W ostatnim meczu – z GKS-em Jastrzębie – najlepszy snajper Górnika nie mógł zagrać wskutek nadmiaru kartek. W jego miejscu pojawił się Przemysław Banaszak. Wiele wskazuje na to, że Śpiączka powróci do pierwszego składu.
Czy strzeli? To na pewno nie będzie łatwe spotkanie. GKS Tychy zajmuje aktualnie 5. miejsce w tabeli Fortuna I Ligi. W ostatnim czasie piłkarze tego zespołu tylko zremisowali z Puszczą Niepołomice. Bramkę dla tyszan zdobył Szymon Lewicki.
Ostatnie spotkanie przyniosło kilka zmian. Do pierwszego składu wskoczyli m.in. Tomasz Tymosiak i Bartłomiej Kalinkowski. Pojawił się też Przemysław Banaszak. Z kolei zabrakło Bartosza Śpiączki, który pauzował za kartki. Mecz na ławce rezerwowych zaczął Paweł Wojciechowski.
Warto też odnotować świetny występ Karola Struskiego. Wychowanek Górnika Łęczna zdobył pierwszą bramkę w meczu z GKS-em Jastrzębie. Tymosiak może nie wyróżnił się, jeżeli chodzi o gole i asysty, ale był tytanem pracy w środku pola. Z kolei Wojciechowski wszedł z ławki i wniósł dużo ożywienia.
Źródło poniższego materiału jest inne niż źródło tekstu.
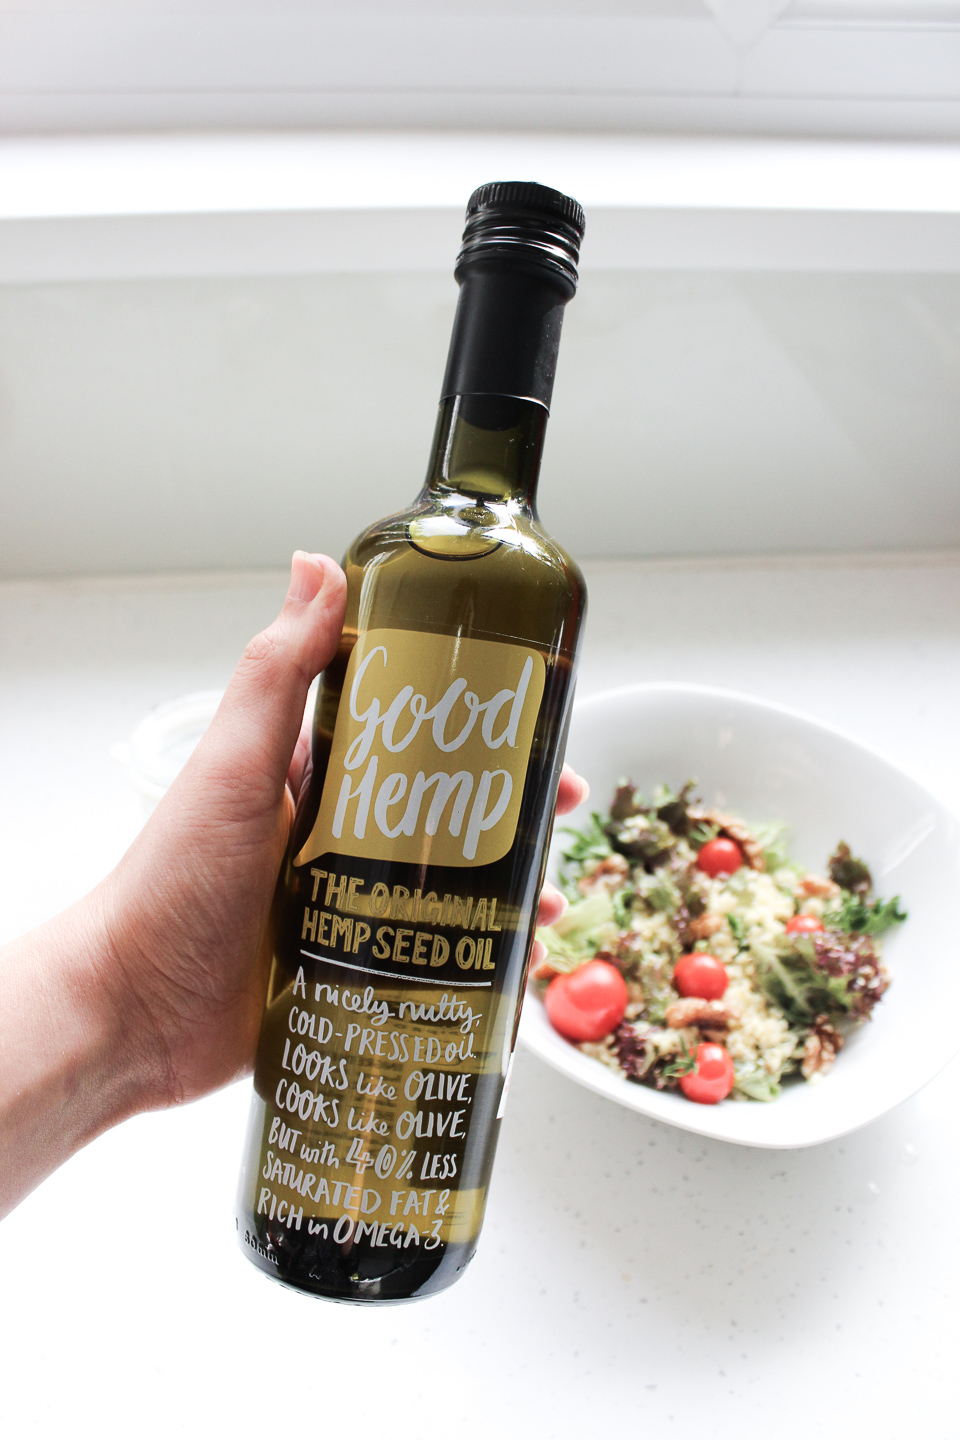 Good Hemp's hemp oil

W tym momencie wybór wyjściowego składu staje się nie lada zadaniem. Czy Kamil Kiereś tym razem też zaskoczy zestawieniem drużyny? Okaże się już w niedziele!
Mecz z GKS-em Jastrzębiem został rozstrzygnięty w ostatnich sekundach. To nie jedyny dreszczowiec w Łęcznej. Wcześniej w podobnym stylu kończyły się spotkania np. z Miedzią Legnica. Wówczas w ostatniej akcji o wyniku zadecydował Paweł Baranowski.
Można powiedzieć, że thrillery w meczach Górnika to już norma. Ciśnie rośnie w końcówkach spotkań. Krew buzuje w żyłach. Nie słyszeliśmy jeszcze o zawałach i nie chcemy słyszeć, ale powiedzmy sobie szczerze: takie zwycięstwa w ostatnich minutach mają swój niepowtarzalny urok.